How Our Intel Analysts Were Lobotomized

President Nixon and his top national security adviser, Henry A. Kissinger, thought the reports they received from the Central Intelligence Agency suffered from "serious defects," newly declassified documents show, and prompted them to complain repeatedly about the caliber of the reporting to then-CIA Director Richard Helms. A six-page memorandum Kissinger sent to Nixon, dated Feb. […]

President Nixon and his top national security adviser, Henry A. Kissinger, thought the reports they received from the Central Intelligence Agency suffered from "serious defects," newly declassified documents show, and prompted them to complain repeatedly about the caliber of the reporting to then-CIA Director Richard Helms.

A six-page memorandum Kissinger sent to Nixon, dated Feb. 16, 1971 and marked "Top Secret," reminded the president of the "weaknesses" present in the 47-page 1969 National Intelligence Estimate (NIE) on the "strategic attack capabilities" of the Soviet Union . . . "Most serious," Kissinger wrote, "was a lack of sharply defined, clearly-argued discussions of the characteristics and purposes of Soviet strategic forces. It was too often satisfied with reciting facts and reluctant to raise fundamental questions about their significance. Judgments and background which often underlie conclusions were not made explicit."

Kissinger told Nixon the following year's NIE, dated Nov. 8, 1970 and 159 pages long, marked a "major improvement," but the national security adviser said he still found the reporting "ponderous…almost fatuous," and concluded "the gaps are many…considerably more work is required."

Sadly, this sounds disturbingly familiar.

In a ridiculous over-reaction to the fact that the streets of Baghdad were not lined with canisters of nerve gas, the guidance in at least one intelligence agency came down fast and furious: assessments would contain nothing but fully footnoted bullets. Only the most trite and generic conclusions could be drawn ("we expect more deaths from IEDs" or "our computer networks are vulnerable to compromise"). Actual analysis was to be avoided because obviously we could not be trusted to think. The job of analyst became one of reformatting the reports written by collectors. The fact that pre-war assessments were based on bad, incomplete, or a lack of collection in the first place seemed to escape the hierarchy. As one wisenheimer pointed out, "they're paying me for my brains, but I'm using so little of it, I half expect my paycheck to be cut accordingly."

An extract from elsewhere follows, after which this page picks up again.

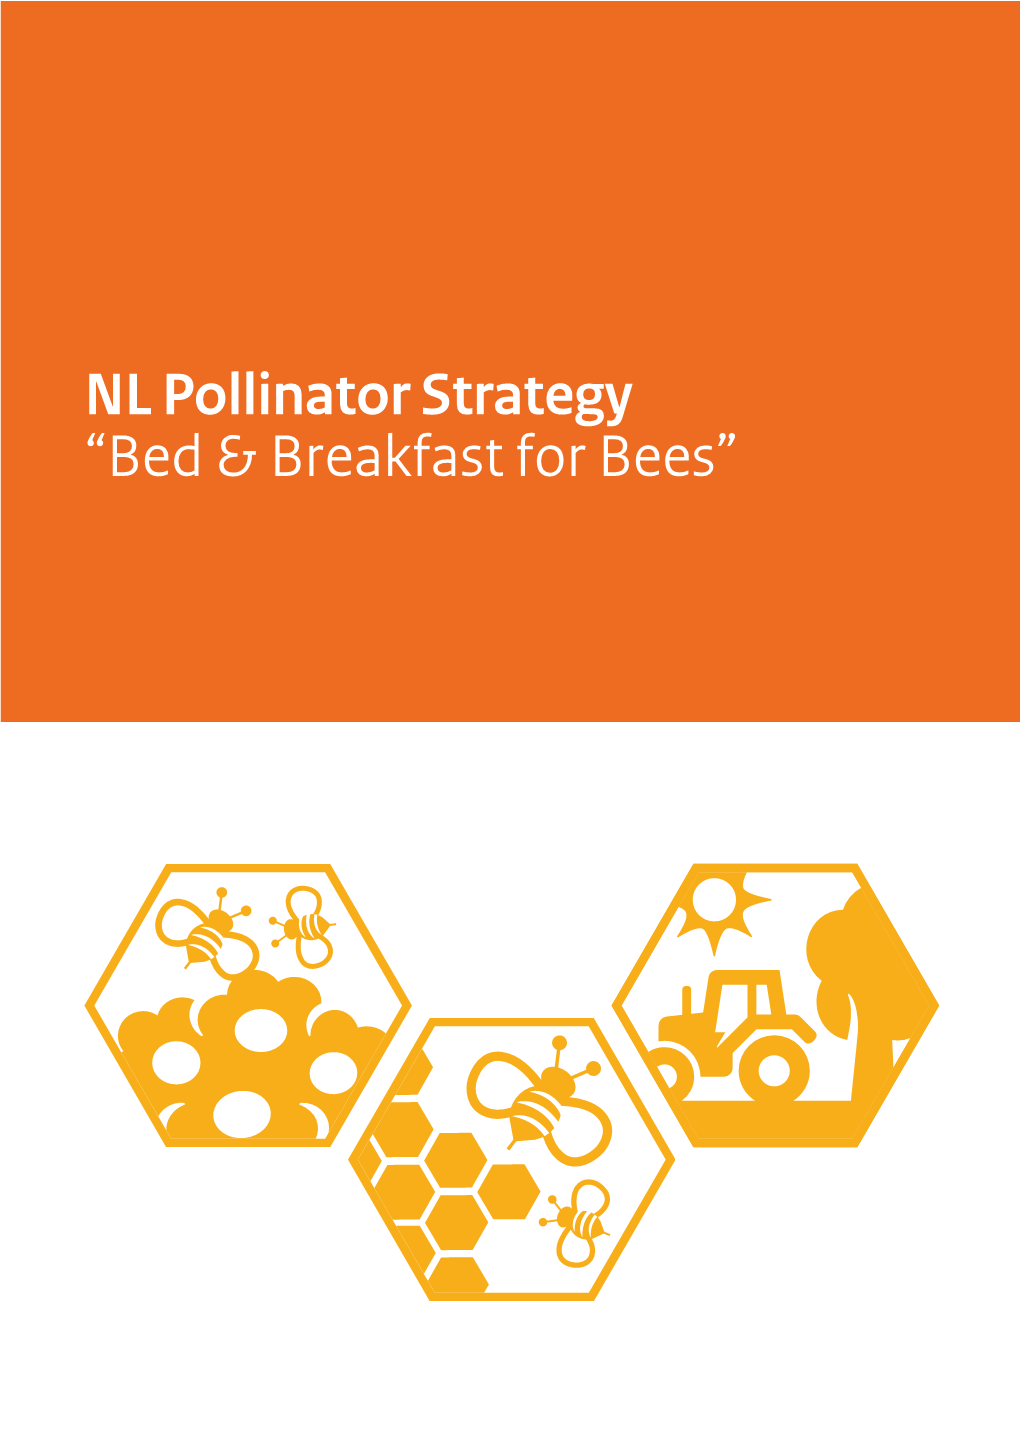 NL Pollinator Strategy “Bed & Breakfast for Bees”

If you decided to fight the power and argue for a well-reasoned projection or estimate, you were forced to run the gauntlet of supervisors, editors and political schemers trying to avoid being tainted with the stink of an "intelligence failure." The review/edit process was farcical. Whereas previously you could craft a reasonably readable narrative from a given source report, now intelligence production became a mechanical process: an intro paragraph of what I am going to tell you, bullets with supporting data, a closing paragraph telling you what I just told you. Assessments became book reports. You don't have to take my word for it, read any of the recently released NIEs. We pay how much in tax money for these banalities?

People want to know why so many policymakers hold intel products in such disdain or why people think there is a "war" between intelligence and the administration? Now you have a pretty good idea. As my colleagues at Kent's Imperative pointed out recently, beat even your most loyal dog enough times and eventually he'll start to growl at you.

This is a problem with serious long-term repercussions. It is all well and good to want to recruit the best and brightest, but when you force them to work far below their potential you should not express surprise when they flee to contractors. Those that remain in the IC will most certainly give you what you want, but they will be largely unable to provide you with what you really need.